This morning I had a job interview (surprise!) and the woman who interviewed me asked me for my birth date and when she found out I was only twenty she said; “Wait, what! Are you only twenty? I can see that you’re young but you seem like you’re almost thirty!”
I answered; “I get that a lot, but in my mind I was born a thirty year old and every year when I grow older I feel like I become more and more like myself”.
That what it’s been like my whole life. I know it might seem like I’m trying to brag about how mature I am, but really this has been an issue throughout my whole life, and it’s only now it has started to benefit me in life.
As a kid I was very awkward, and found it very difficult when my friends wanted to play. Playing seemed silly to me, and I didn’t know how I was supposed to act.
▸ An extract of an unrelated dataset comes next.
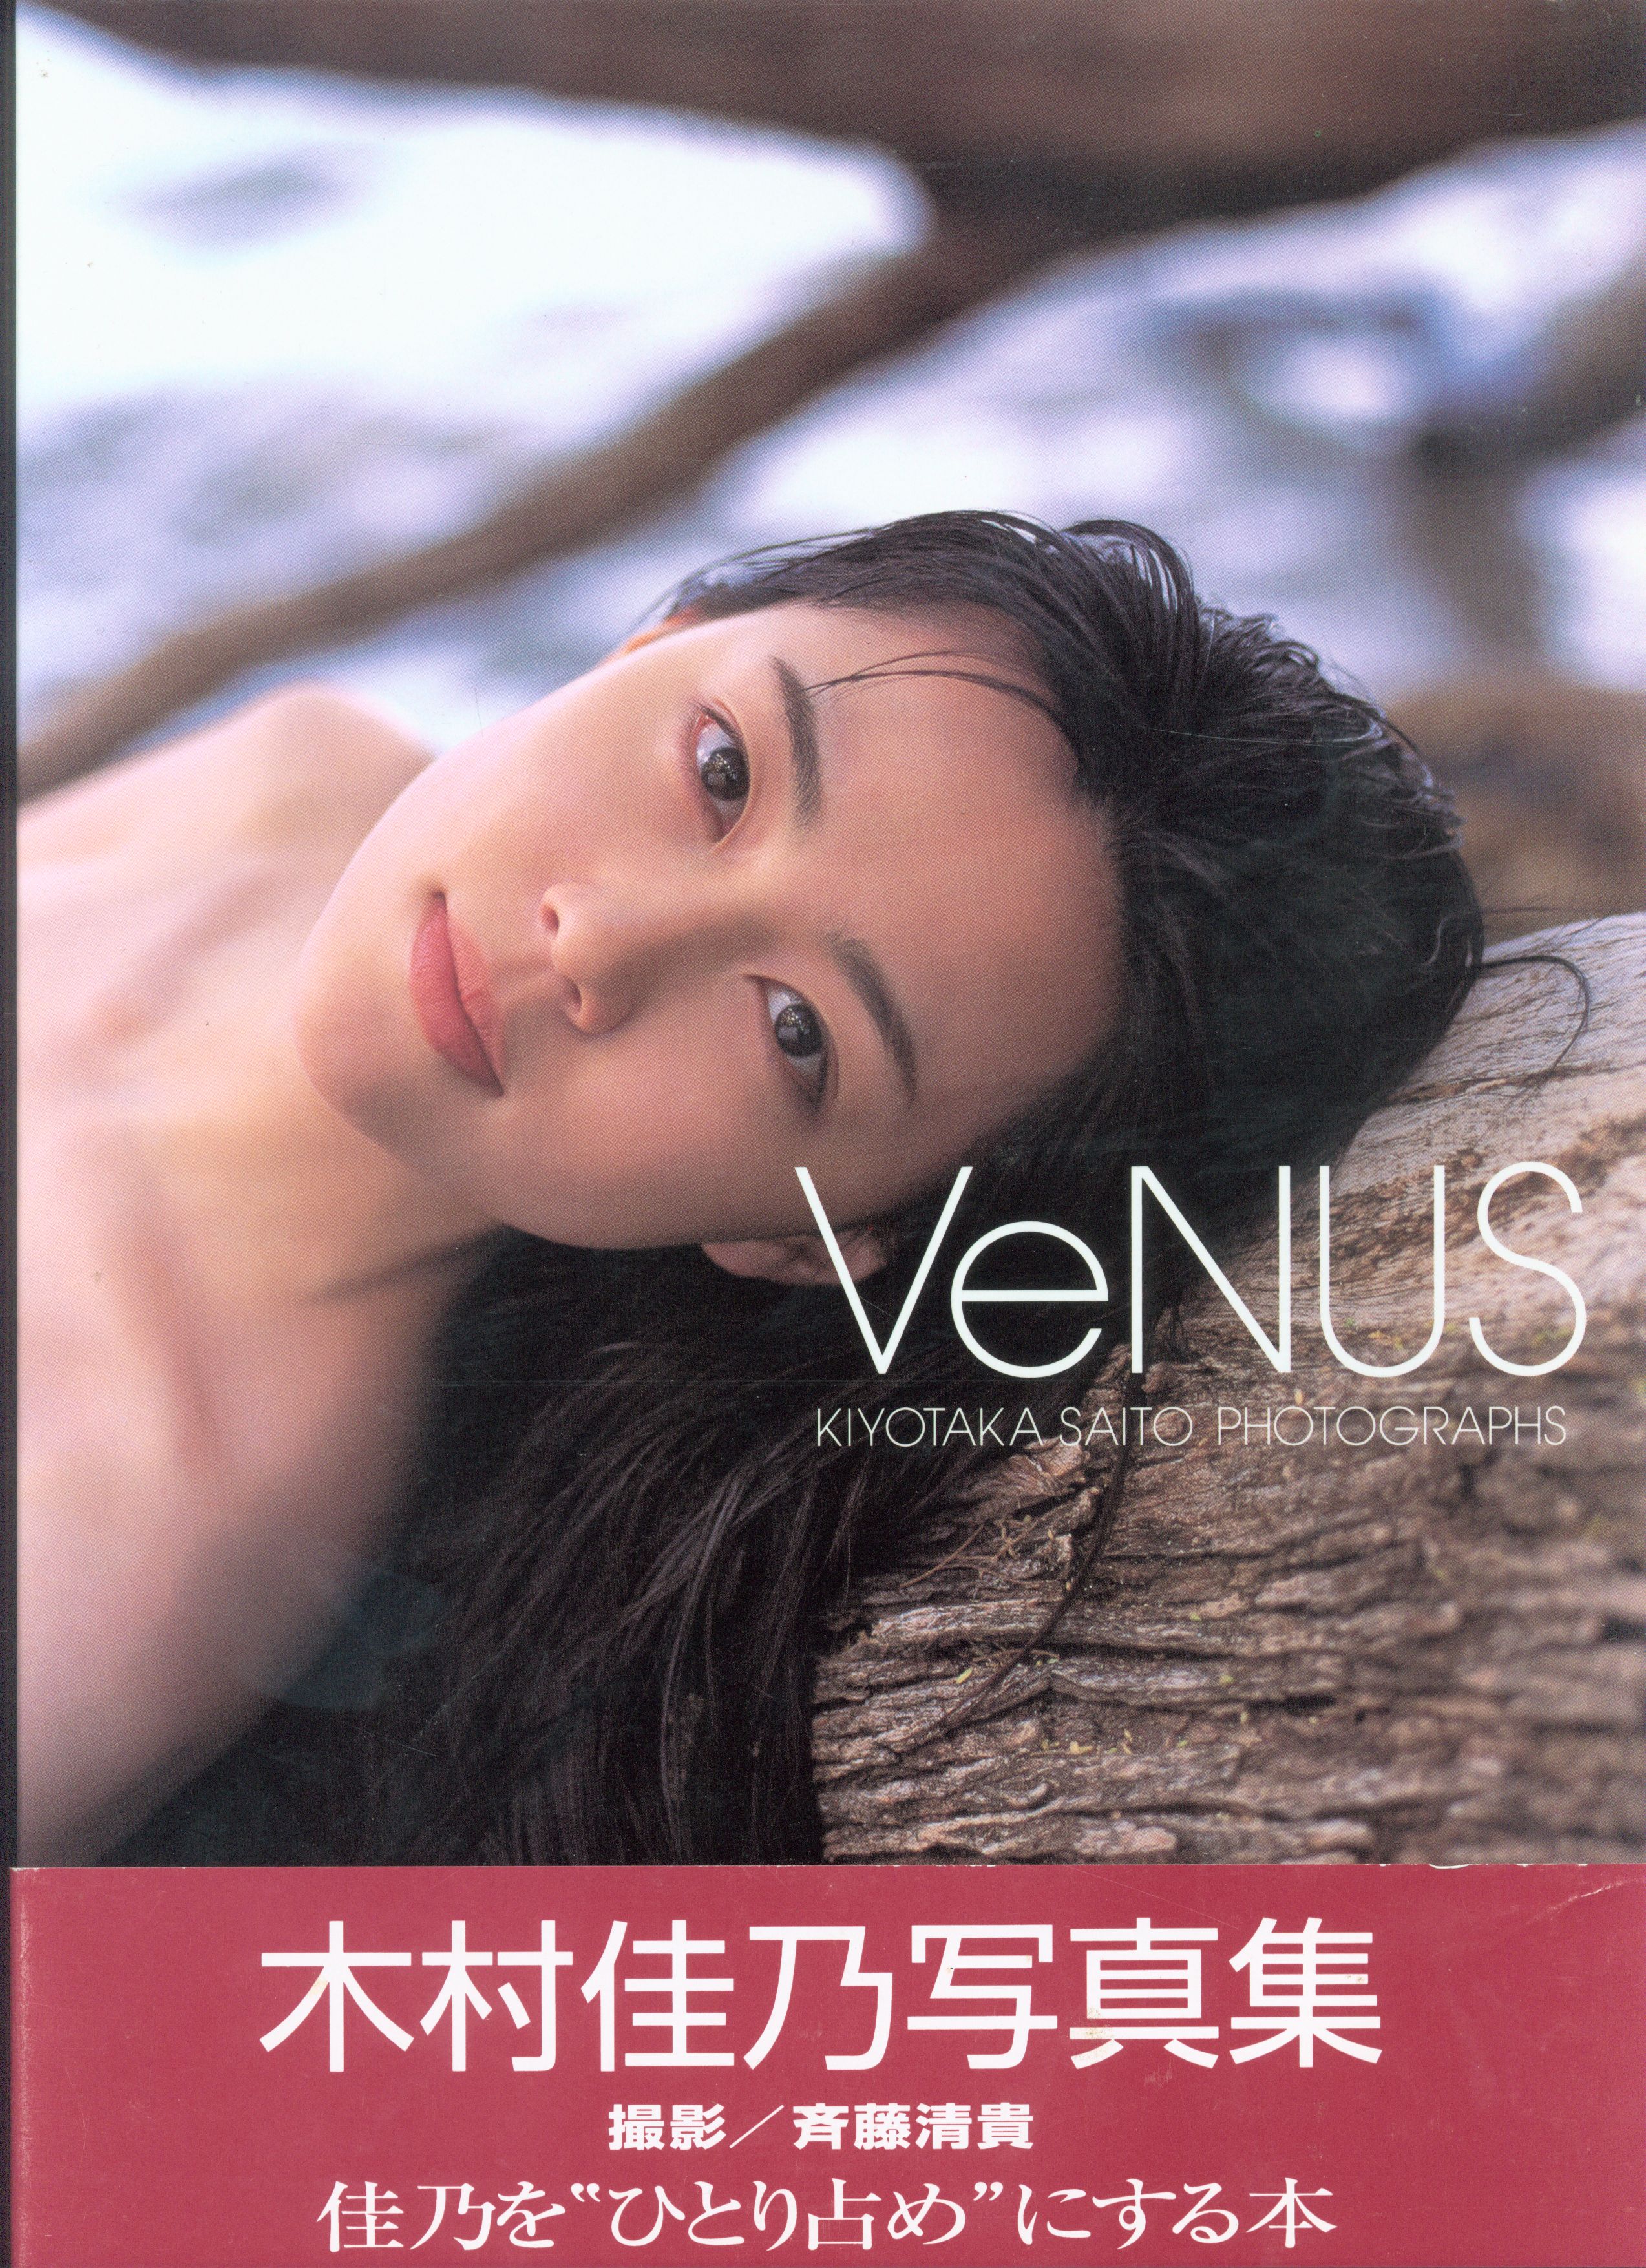 Yoshine Kimure nude photos

When I was in middle school I spent more recess time indoors with the teachers than outside with the other children. I didn’t know how to communicate with other children and felt more comfortable around other adults.
In high school I was left out for a long time because I couldn’t relate to other teens. I was uncomfortable with the jargon and didn’t know how to be fun and relaxed.
My whole life has been a struggle to “act young” and trying to imitate the people in my age to try to fit in. That’s why growing older is the best thing I know. Today I have a lovely boyfriend and amazing friends, who all love me for the little adult in me. Who think I’m funny when I tell them I’ve been drinking coffee since the age of thirteen and has appreciated a good red wine since the age of eighteen. Who accepts that I fall asleep at 9 pm during weekends and watch documentaries for fun.
Time. Time really does fix everything.